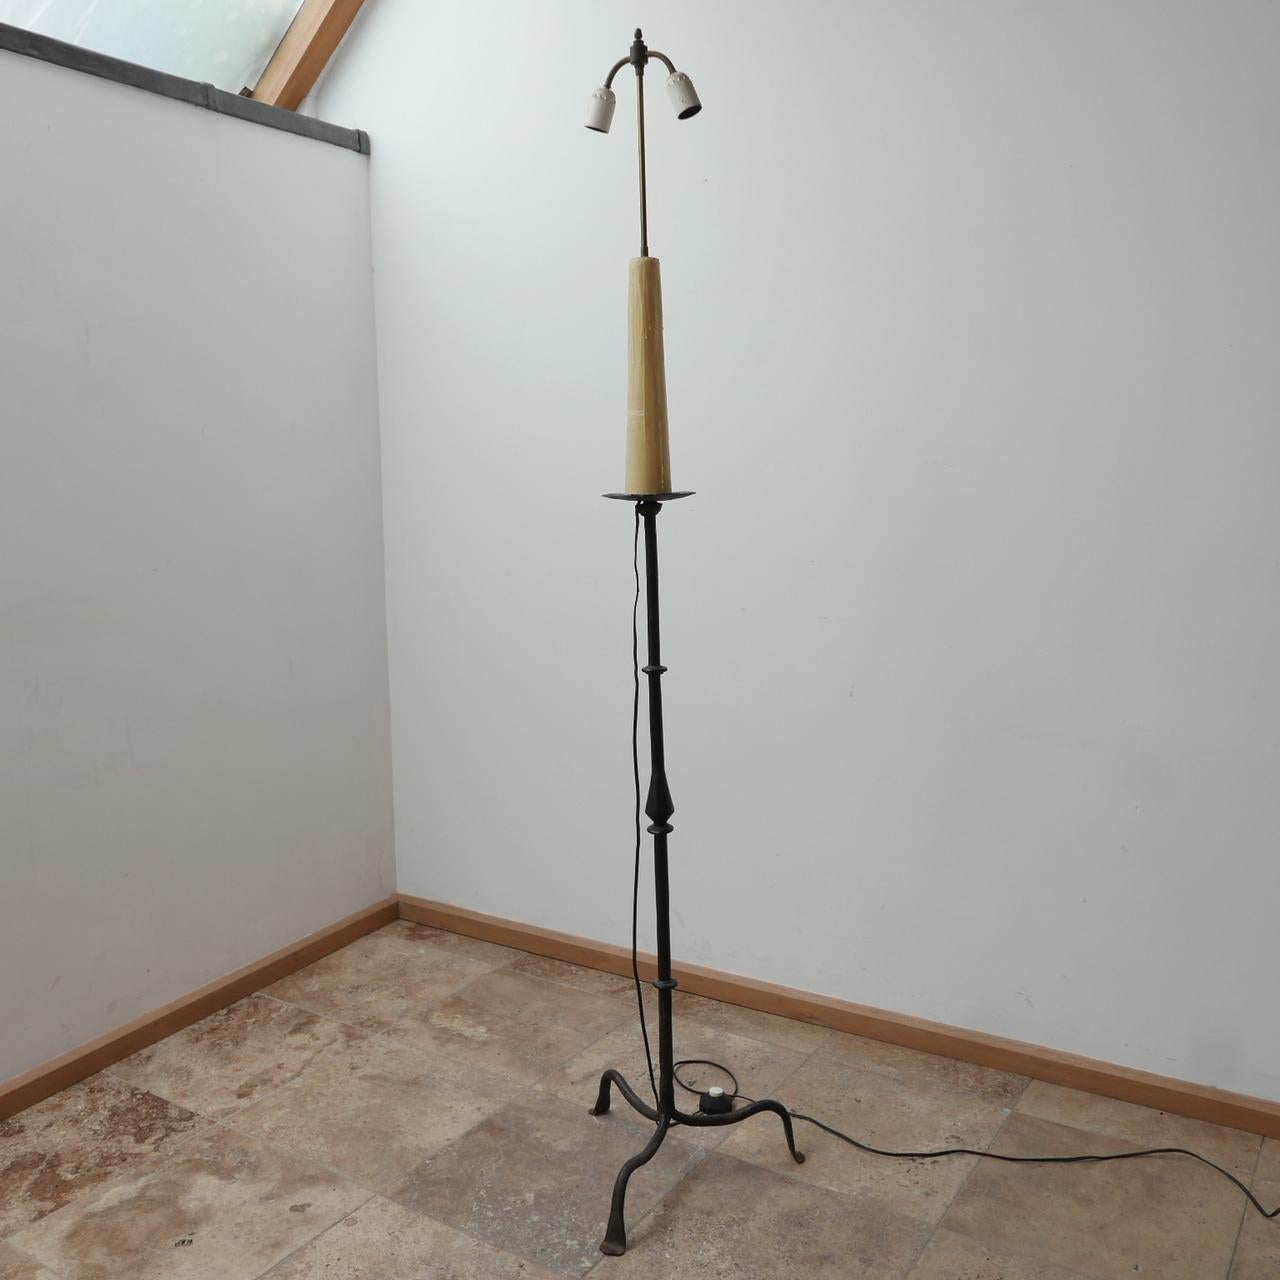 A tall iron floor lamp. 

France, c1950s. 

Original wax embellishment retained. 

Some wear to the wax but generally good condition. 

Since re-wired and PAT tested. 

Dimensions: 183 H x 40 W x 40 D in cm. 

Delivery: POA.
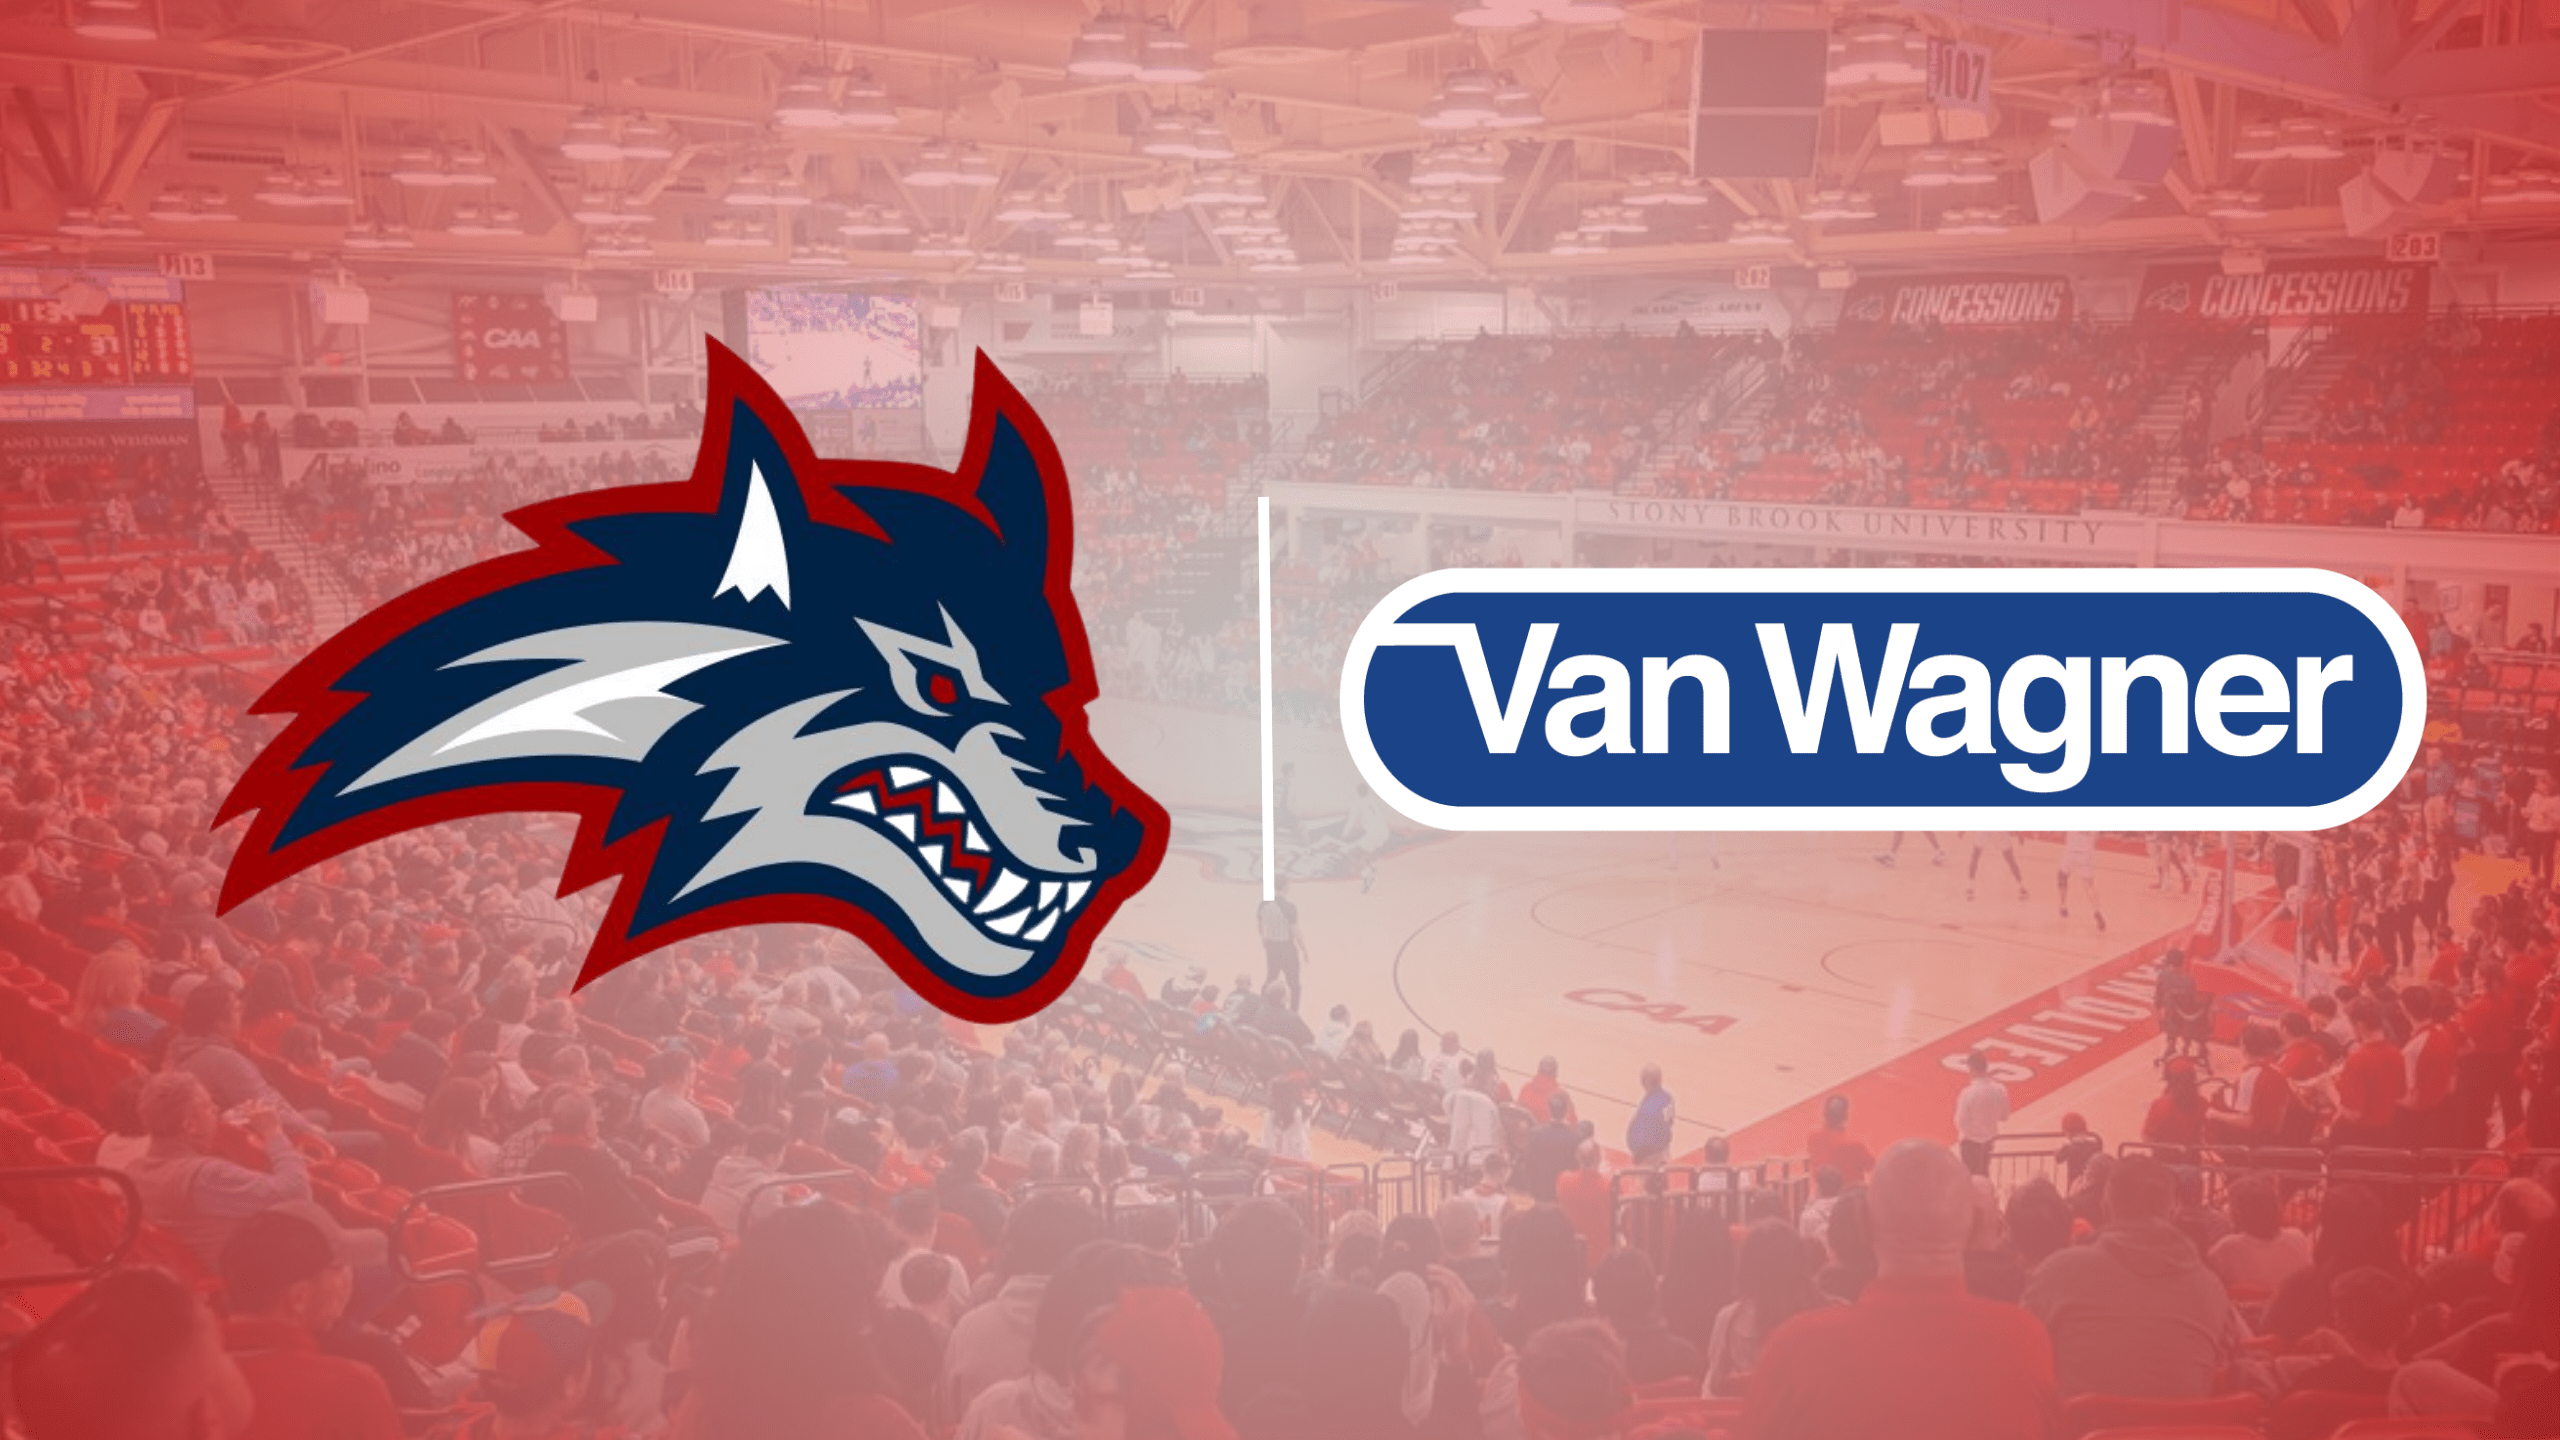 Stony Brook Engages Van Wagner for New Naming Rights Partner featured image
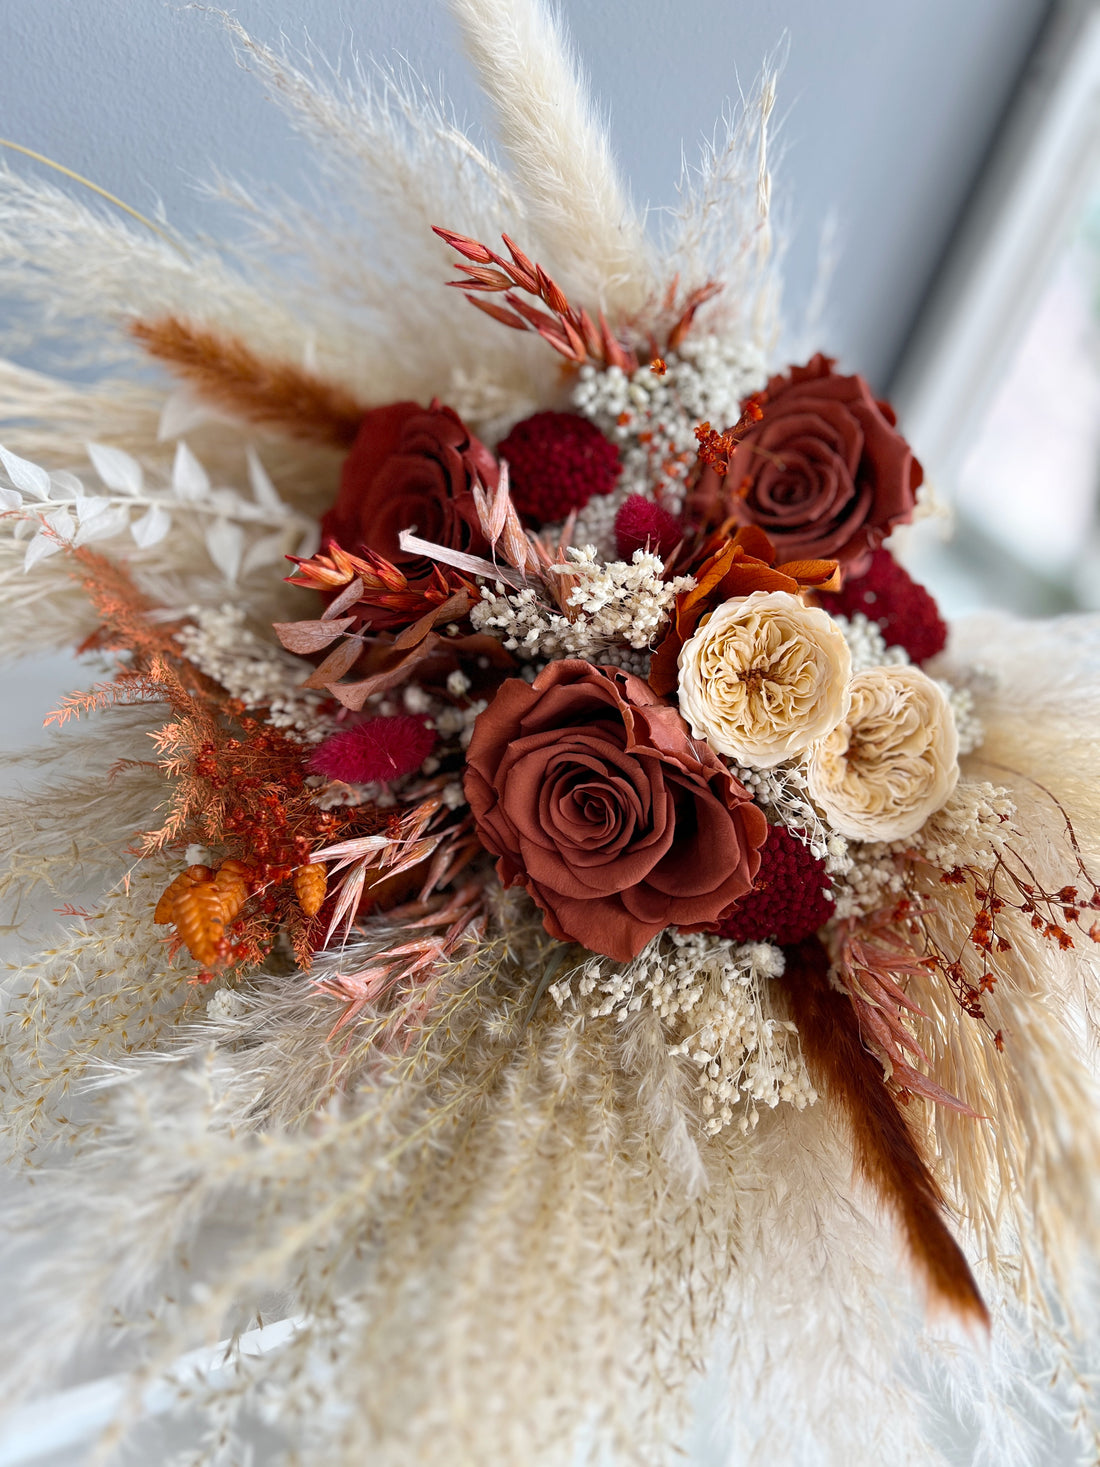 Timeless Beauty: 10 reasons to choose dried flowers for your wedding.
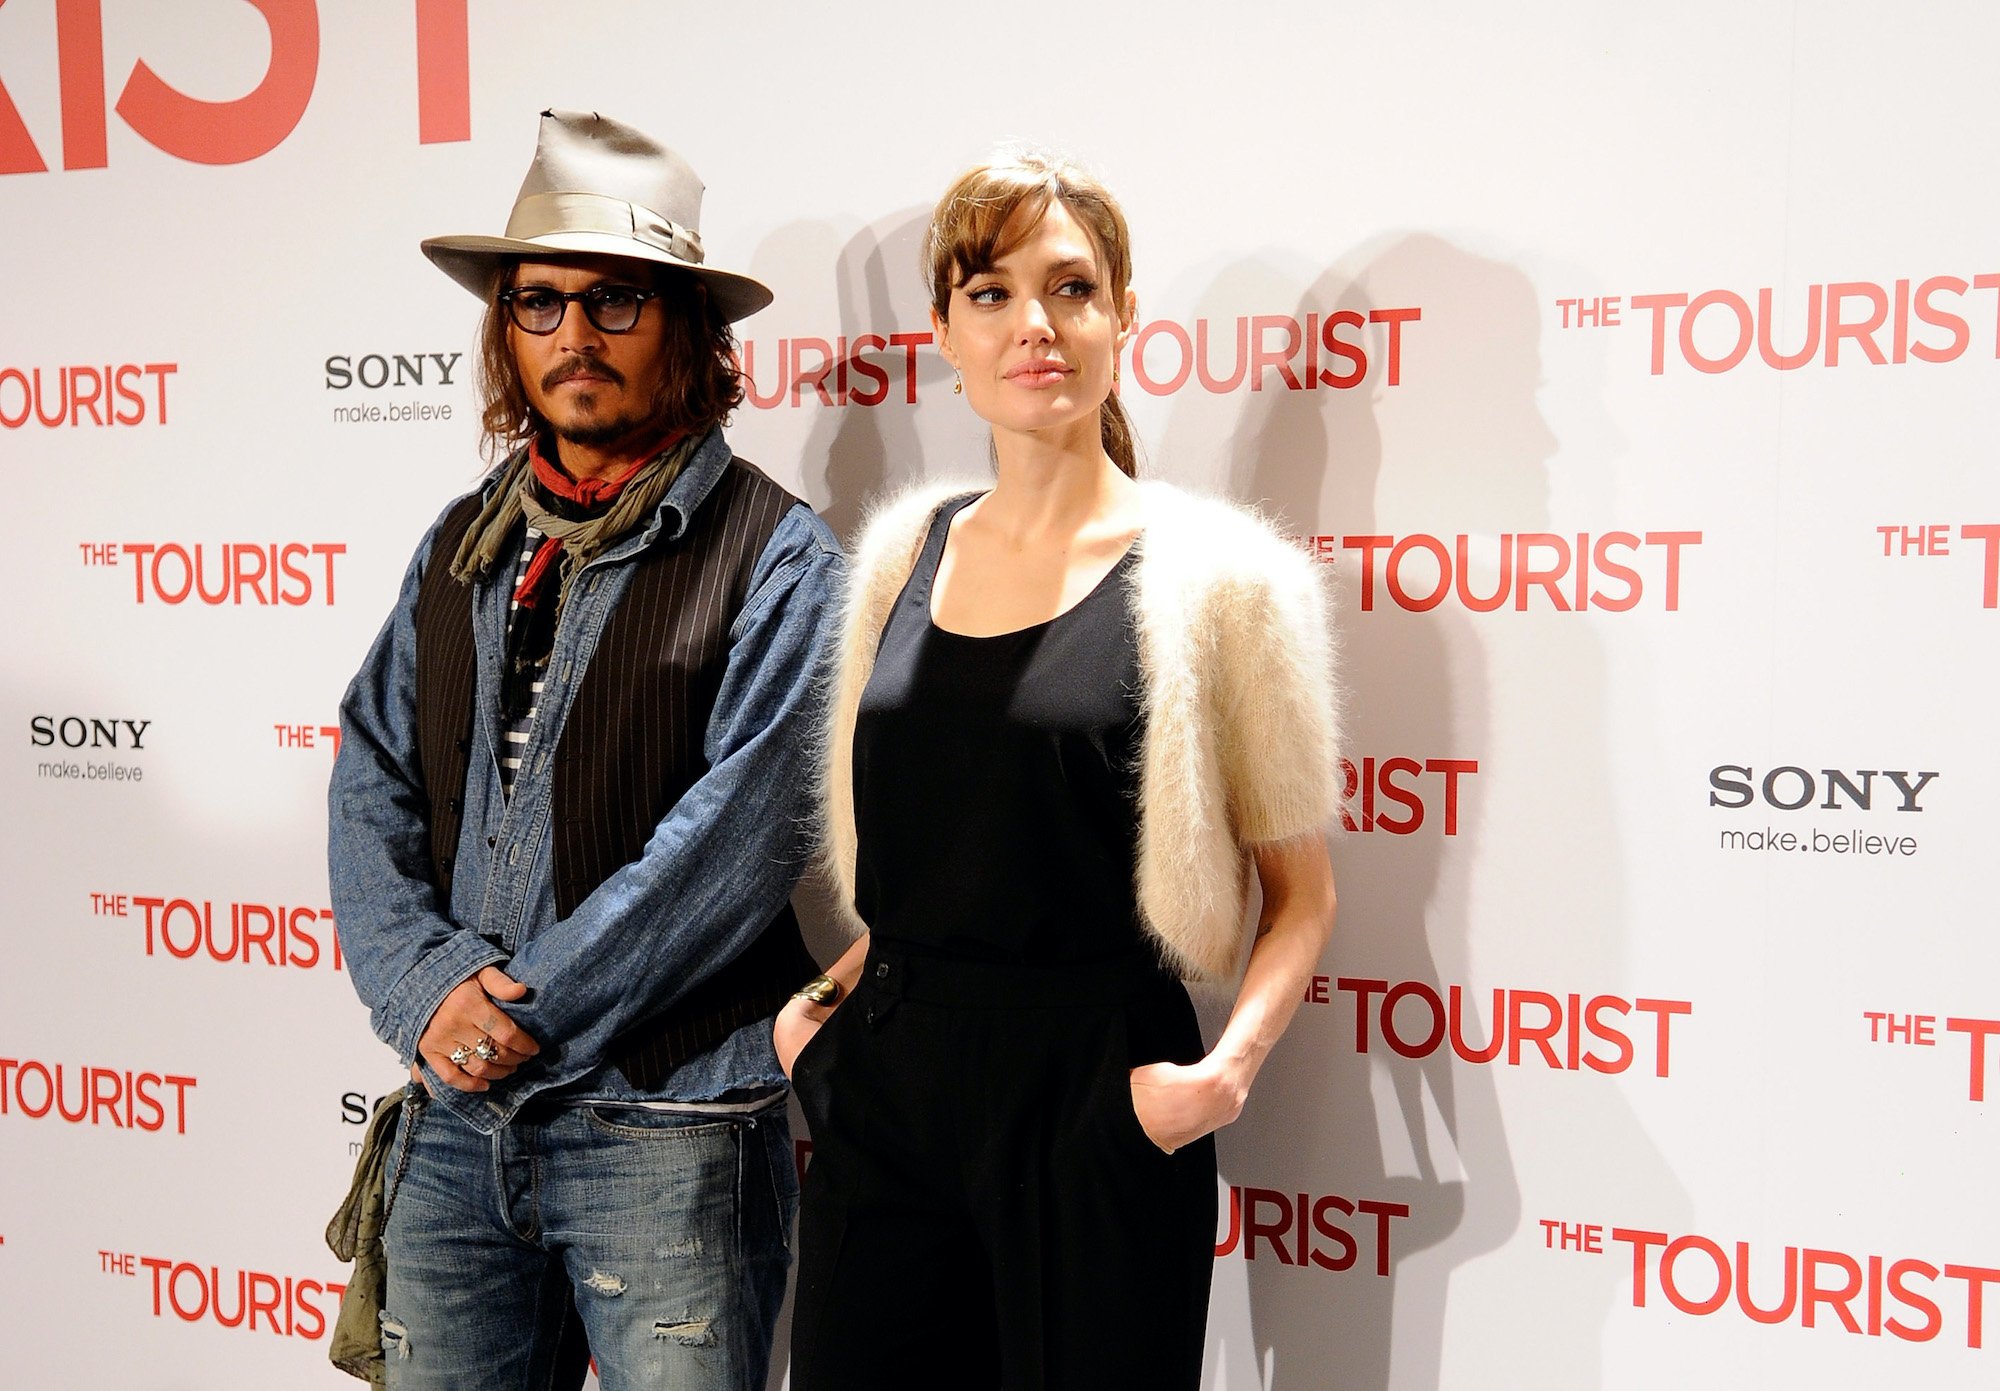 (L-R) Johnny Depp and Angelina Jolie smiling in front of a while background with repeating logos

━━━━━━━━━━━━━━━━━━━━

Task goal
The listing above is to be set down word for word, without its images.

Task output
 A tall iron floor lamp. 

France, c1950s. 

Original wax embellishment retained. 

Some wear to the wax but generally good condition. 

Since re-wired and PAT tested. 

Dimensions: 183 H x 40 W x 40 D in cm. 

Delivery: POA.
 Stony Brook Engages Van Wagner for New Naming Rights Partner featured image
 Timeless Beauty: 10 reasons to choose dried flowers for your wedding.
 (L-R) Johnny Depp and Angelina Jolie smiling in front of a while background with repeating logos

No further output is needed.